The moment of truth. Even though the joints should be tested and adjusted throughout the build process, the final assembly will reveal the real success (or failure) of the build.

Every piece was prepared and assembled carefully, by pushing the joints using a flat piece of wood and a hammer. No hammering on the part directly ! Some clamps were also used to help push some of the joints.

The legs were drilled at the bottom and adjustable feet installed (salvaged from an old desk).

I then started by assembling the bottom runners to the sides, then the top runners to the same sides.

Next was the bottom runners, bottom middle runner and last the top runners.

Step 7: Bonus Step: Add a Vice

Picture of Bonus Step: Add a Vice

I bought an old wood working vice and adapted it to the bench. It was included in the build early on to make sure that it would fit.

It is an awesome complement and with careful planning, can be installed flush with the surface of the table top.

Step 8: Finally, Start Working on Some Projects

Picture of Finally, Start Working on Some Projects

This is my workbench at the moment. Made for my size, sturdy large and friendly. And good looking.

Many improvements can be made. I can finish with a stain, add a sliding holder, replace the table top with something thicker for holdfasts etc.

But for now am happy and proud with my own design and build.

Comments

Yonatan24 (author)2016-02-24

Hi, I've added your project to the "Make Your Own Workbench!" Collection

This is the link If you are interested:

https://www.instructables.com/id/Make-Your-Own-Work...

Grunambulax (author)2015-10-01

The joints are brilliant.

sickdog74 (author)2015-09-18

Those joints are amazing! Great work!

CJStephens (author)2015-09-18

Beautiful Joints! looks great!

seamster (author)2015-09-16

Those joints are phenomenal! So beautiful. Great looking finished table!
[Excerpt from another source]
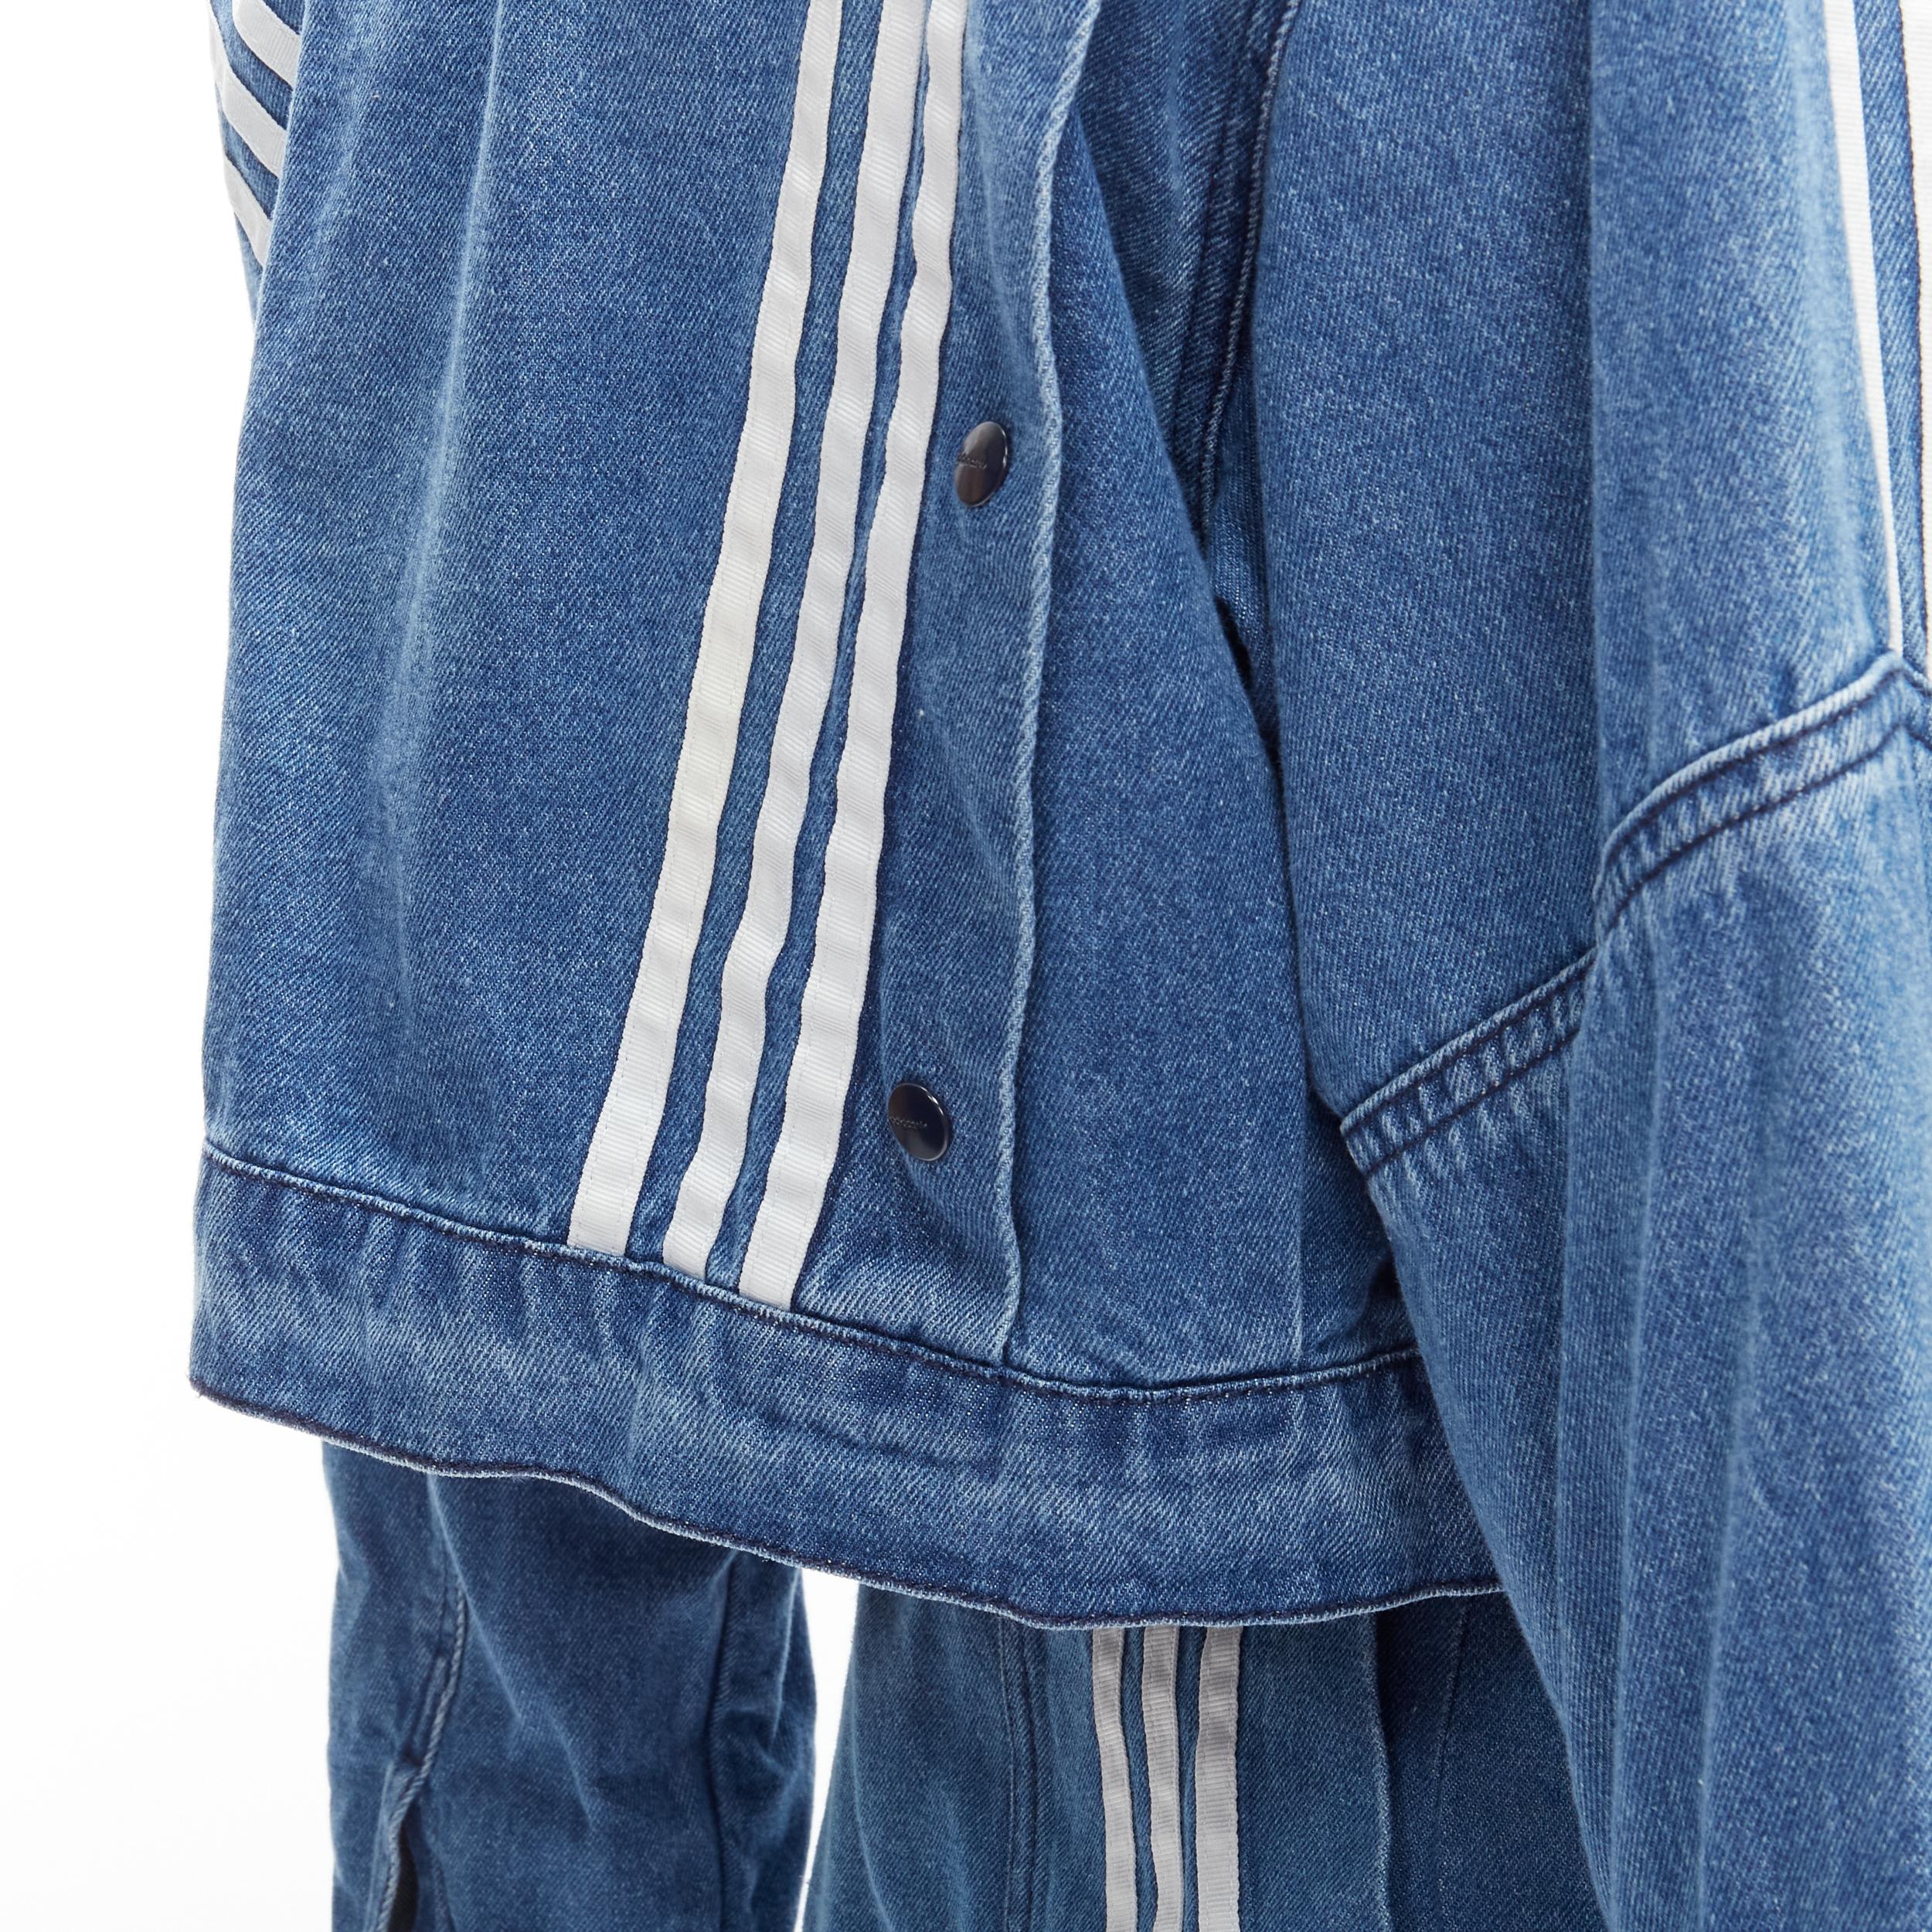 ADIDAS DANIELLE CATHARI blue denim patchwork cropped jacket mini skirt set S 3

maluco (author)seamster2015-09-16

Cheers :D

RuudvandeLooij made it! (author)2015-09-16

That's a great looking workbench. I'm finishing my modular laminated plywood workbench at the moment. But that woodcarving is a great idea. I'm definitely carving my initials on my bench. Just finished the test a little smaller than the final version(s) will be. So maybe a little early for an 'I Made it!', but 'I Made it!'

maluco (author)RuudvandeLooij2015-09-16

Nice job ! Worth it I reckon.

MoTinkerGNome (author)2015-09-16

I love your dove tails. I have been looking for an interesting design to make an Island for MRS Tinkergnome and I may just have to incorporate them. Those are GORGEOUS!

maluco (author)MoTinkerGNome2015-09-16

Well, thank you for the compliment. Have fun with the build !

jbrauer (author)2015-09-16

Nice work, I like that shoulder plane, and the dovetail design. I did some white oak table skirts that have a through-tenon going one direction, then a tusk tenon at a right angle through that. But I never tried locking dovetails together like that, looks tricky.

maluco (author)jbrauer2015-09-16

It is tricky, in appearance only. Large dovetails like that are easier to cut than small ones in my opinion. Might be overly complicated, but then I looked at Japanese joinery used in temples and furniture, and it blew my mind away. Their average level of 3 axis joinery is amazing, even at small (furniture) scale. In the case of a fat workbench, it's only a bit of work but in the end it fits and holds.

BCDesign (author)2015-09-03

nice job on those joints they look great!

maluco (author)BCDesign2015-09-03

Thanks. I was told I must have had too much spare time to work on them. It took hours, especially as it was pretty much my first real dovetail experience, but it is so totally worth it.